*RECORDED INFORMATION*:
****
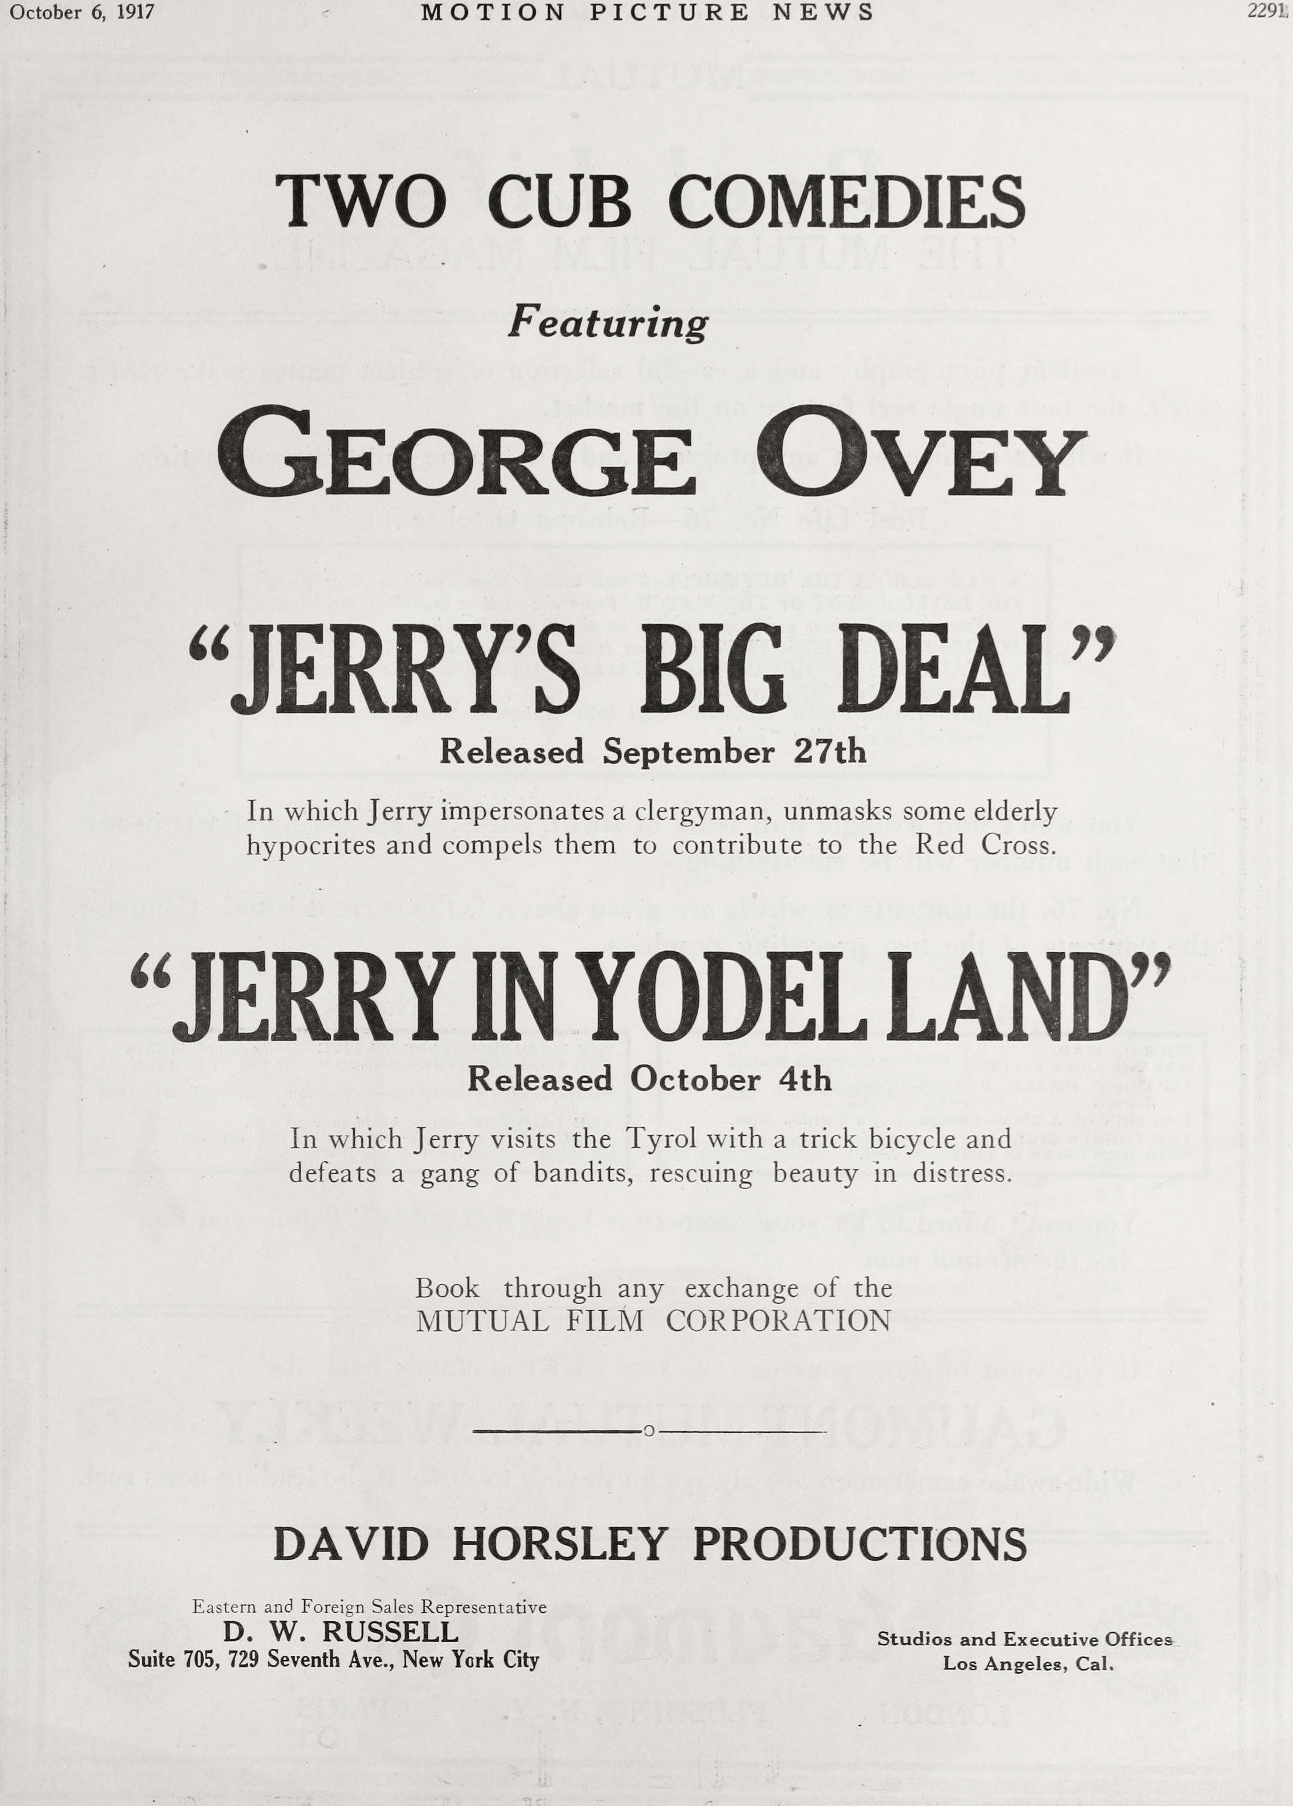 Jerry's Big Deal
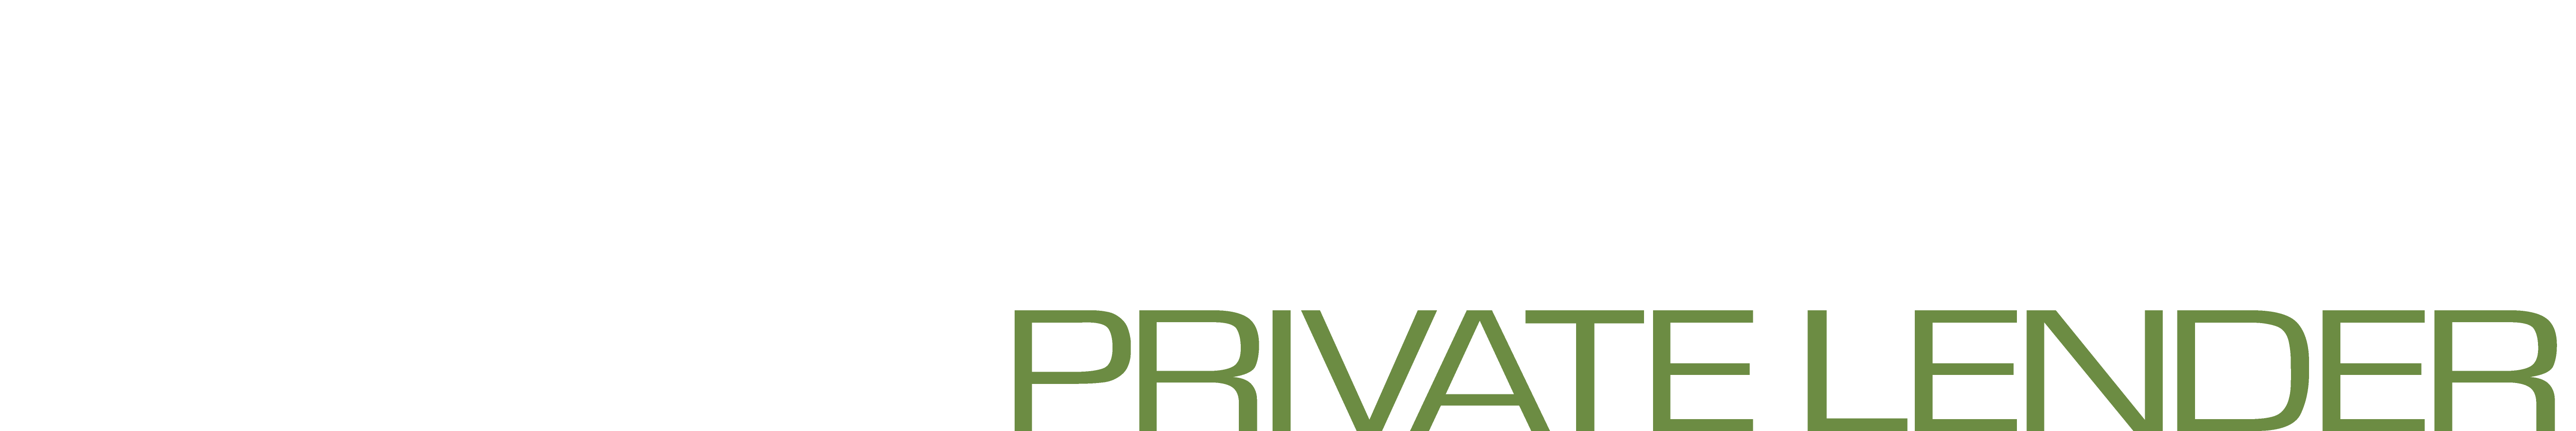 Norfolk Capital, Private Lender
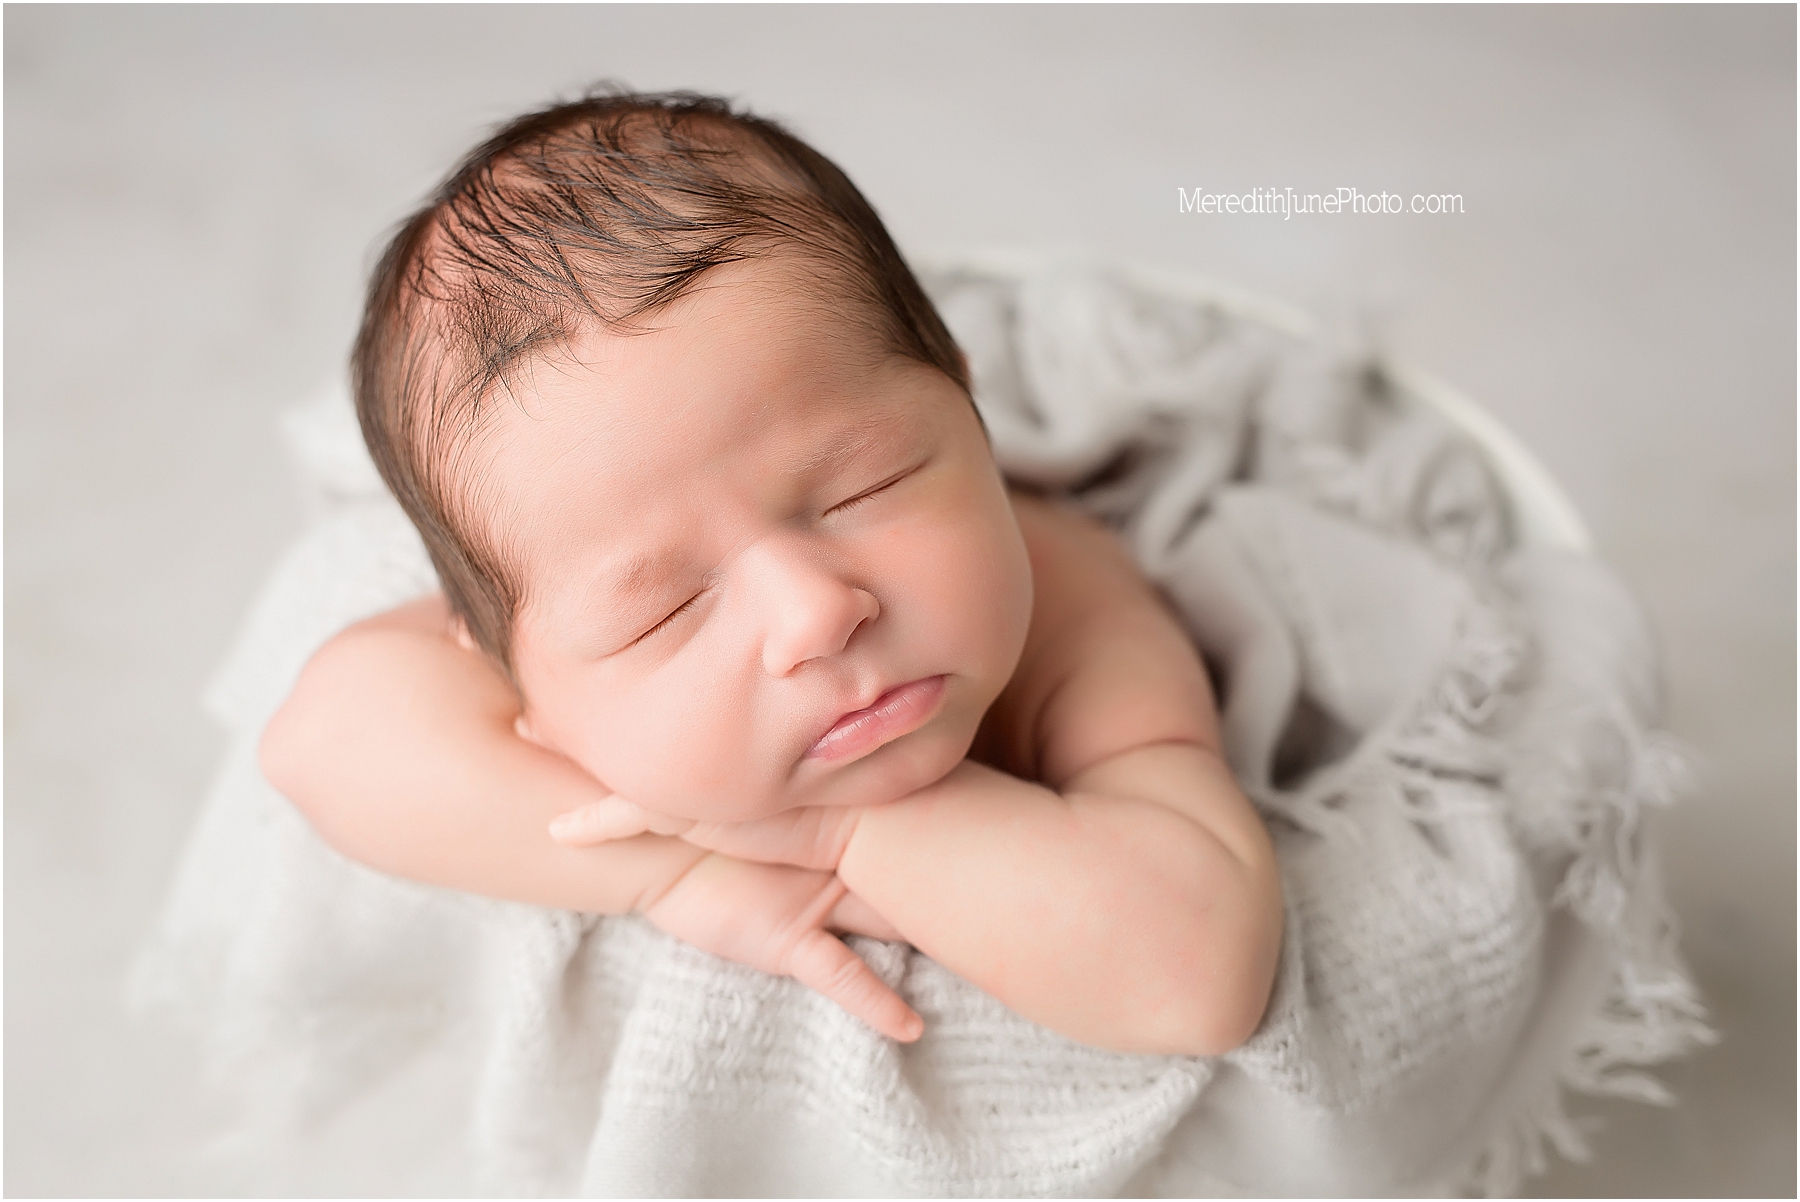 Baby Hayes at Meredith June Photography
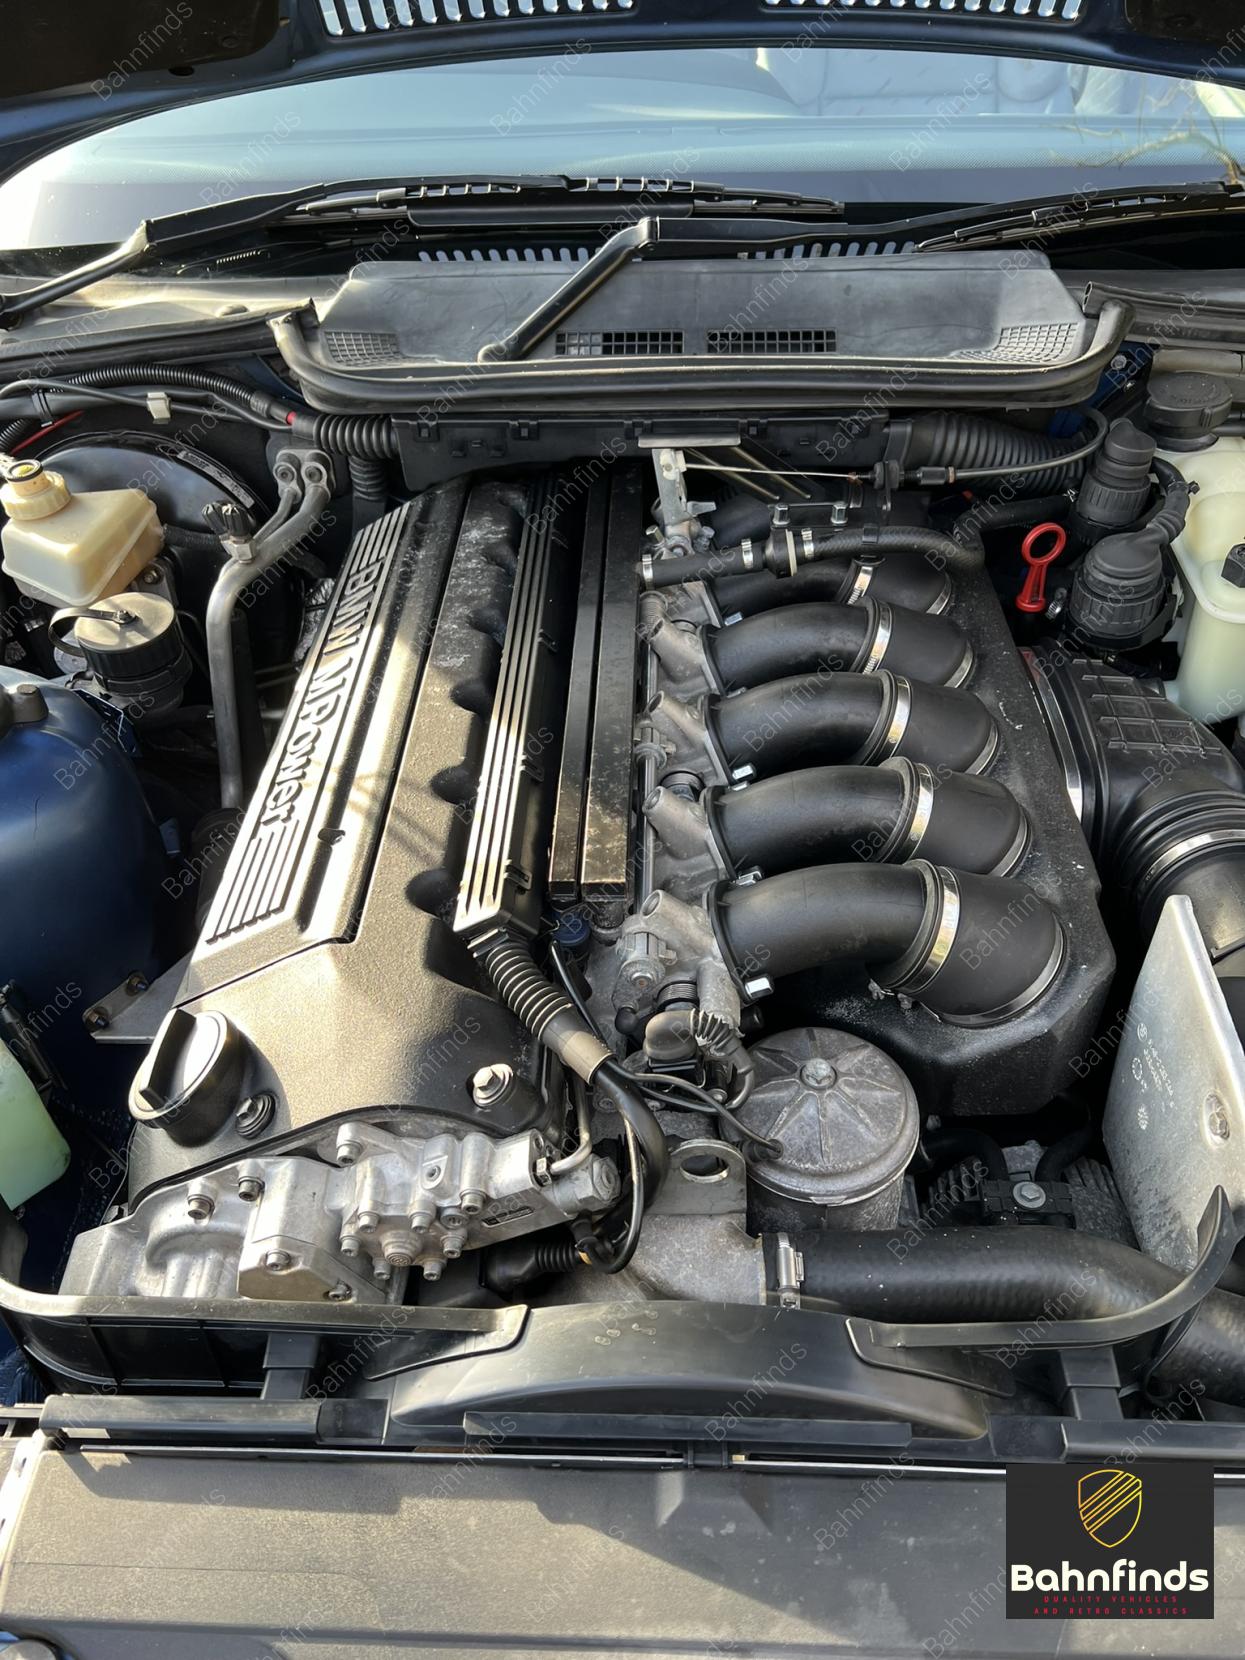 BMW M3 3.2 Evolution Coupe 2dr Petrol Manual (267 g/km, 321 bhp)
****
*DIRECTIONS FOR THIS TASK*:
All of the data above should be transcribed verbatim, with pictures omitted.

*OUTPUT FOR THIS EXERCISE*:
 Jerry's Big Deal
 Norfolk Capital, Private Lender
 Baby Hayes at Meredith June Photography
 BMW M3 3.2 Evolution Coupe 2dr Petrol Manual (267 g/km, 321 bhp)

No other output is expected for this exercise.